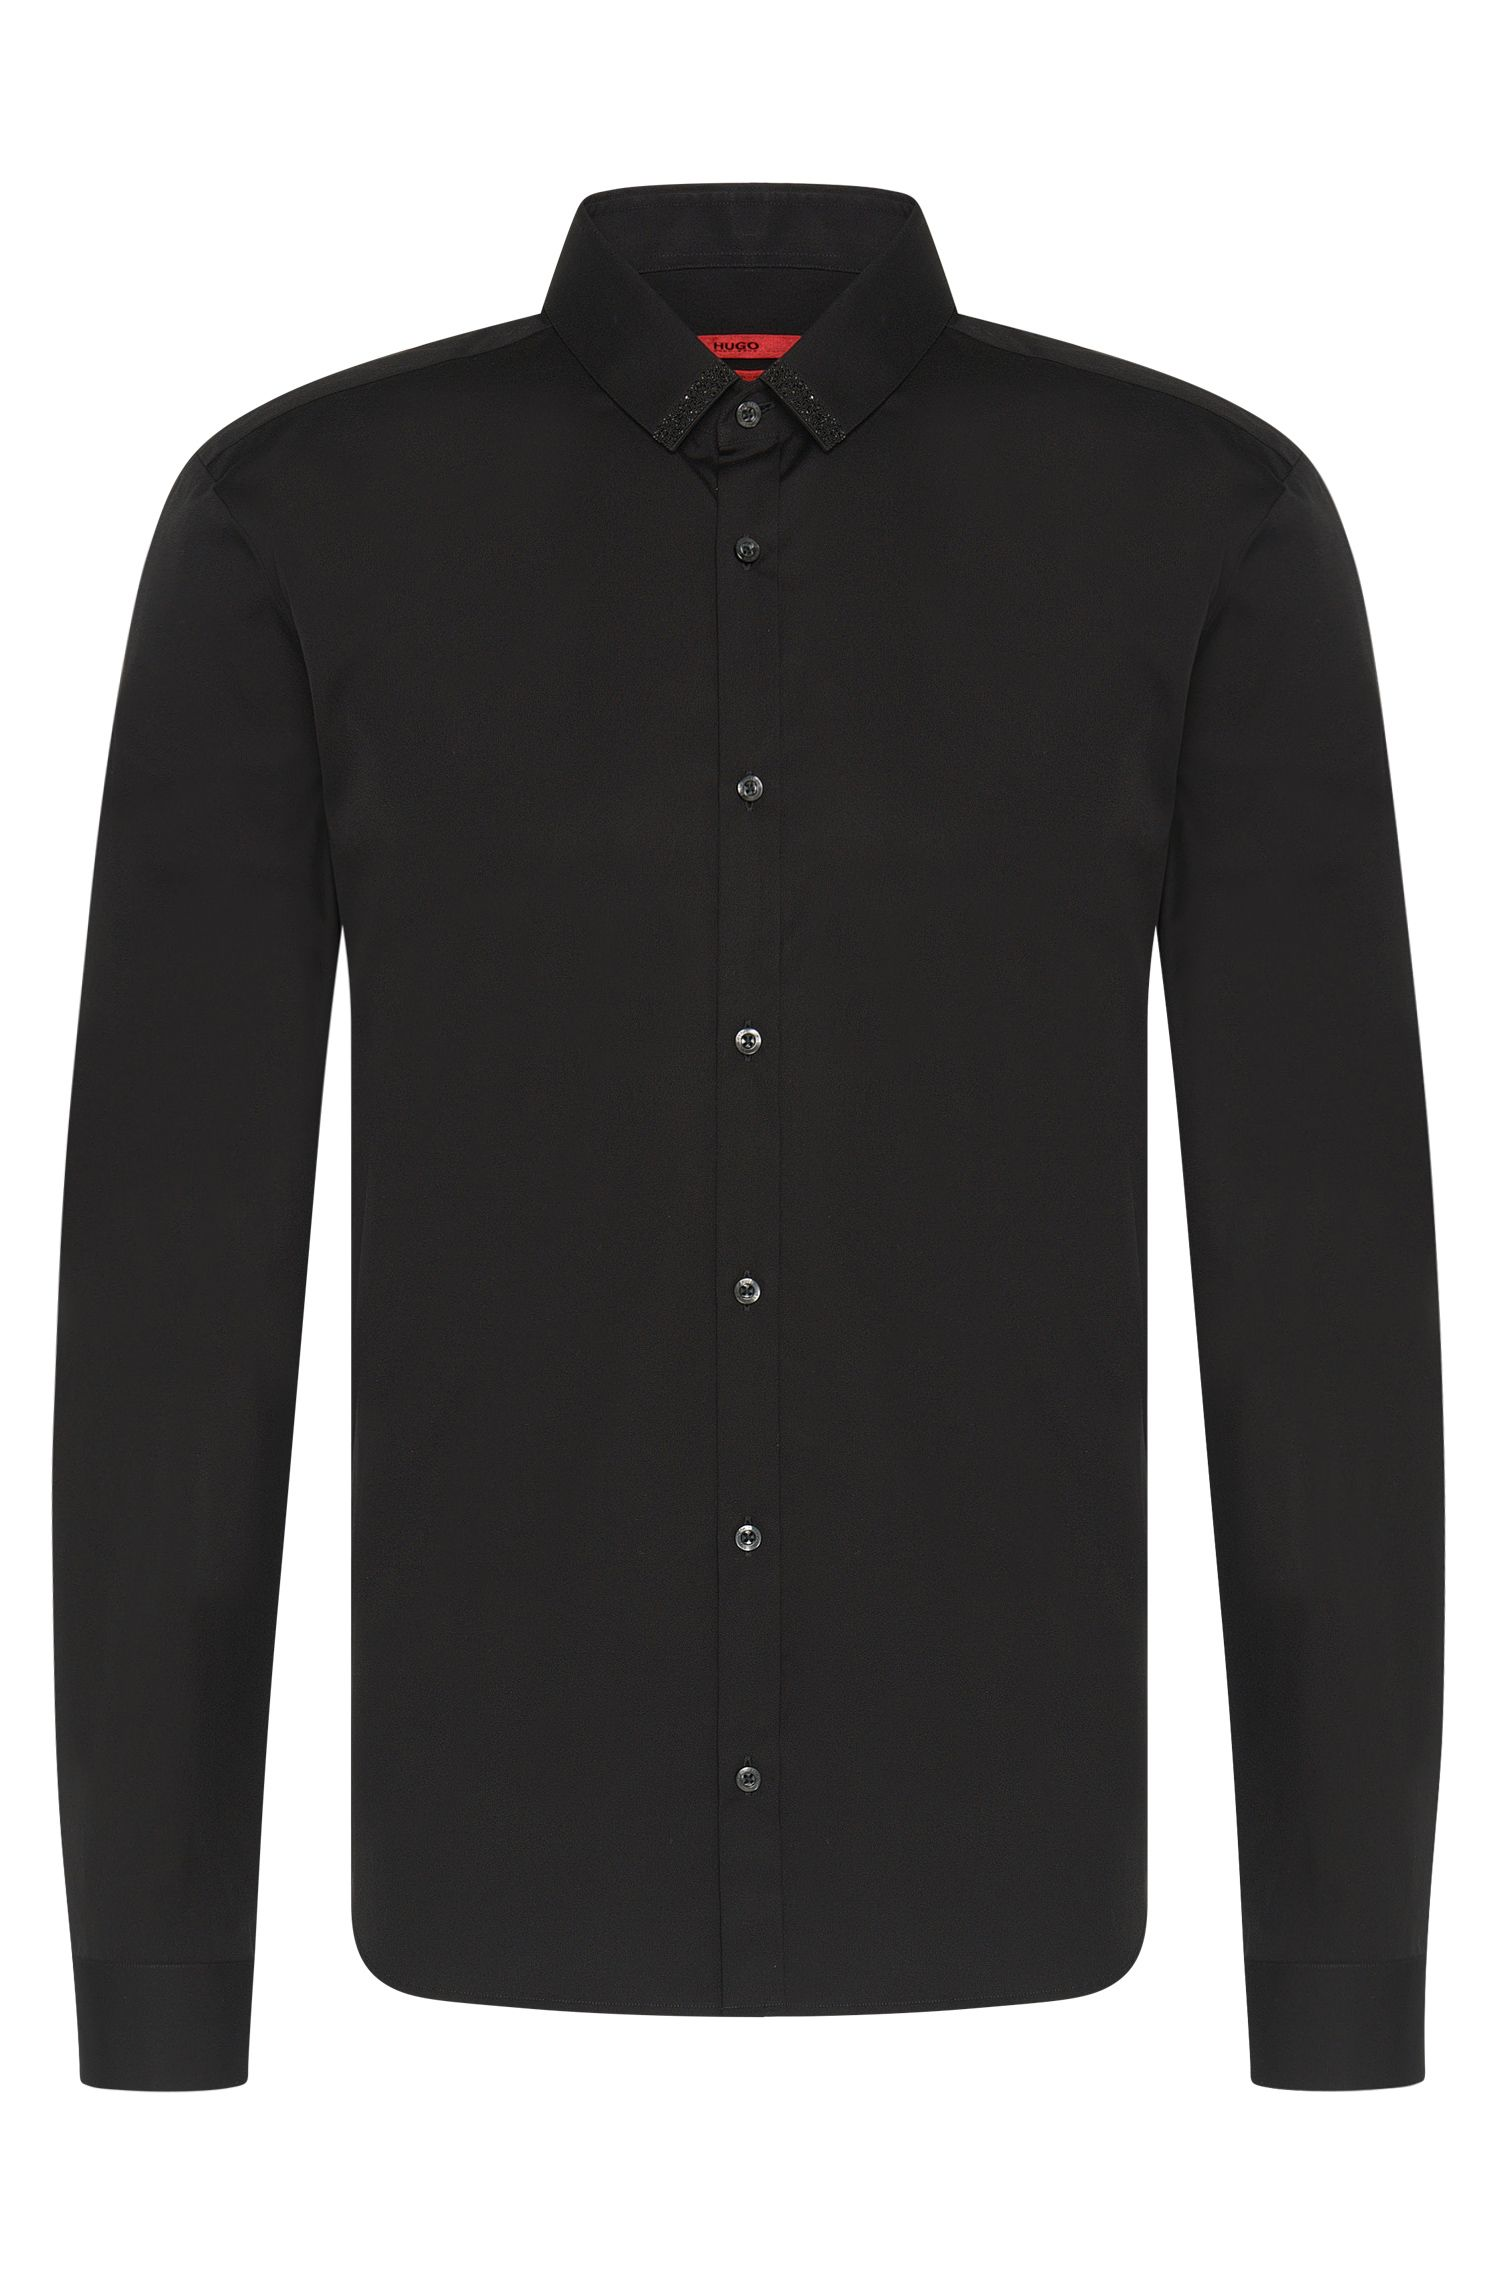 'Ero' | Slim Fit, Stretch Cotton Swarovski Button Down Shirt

* * *

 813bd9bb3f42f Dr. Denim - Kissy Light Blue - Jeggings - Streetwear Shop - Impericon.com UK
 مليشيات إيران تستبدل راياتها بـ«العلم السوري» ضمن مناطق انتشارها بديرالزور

* Work to complete *
Nothing but the lines above from the one containing "813bd9bb3f42f Dr. Denim" through the one containing "مليشيات إيران تستبدل" should appear in the answer, each repeated exactly.

* Exercise response *
 813bd9bb3f42f Dr. Denim - Kissy Light Blue - Jeggings - Streetwear Shop - Impericon.com UK
 مليشيات إيران تستبدل راياتها بـ«العلم السوري» ضمن مناطق انتشارها بديرالزور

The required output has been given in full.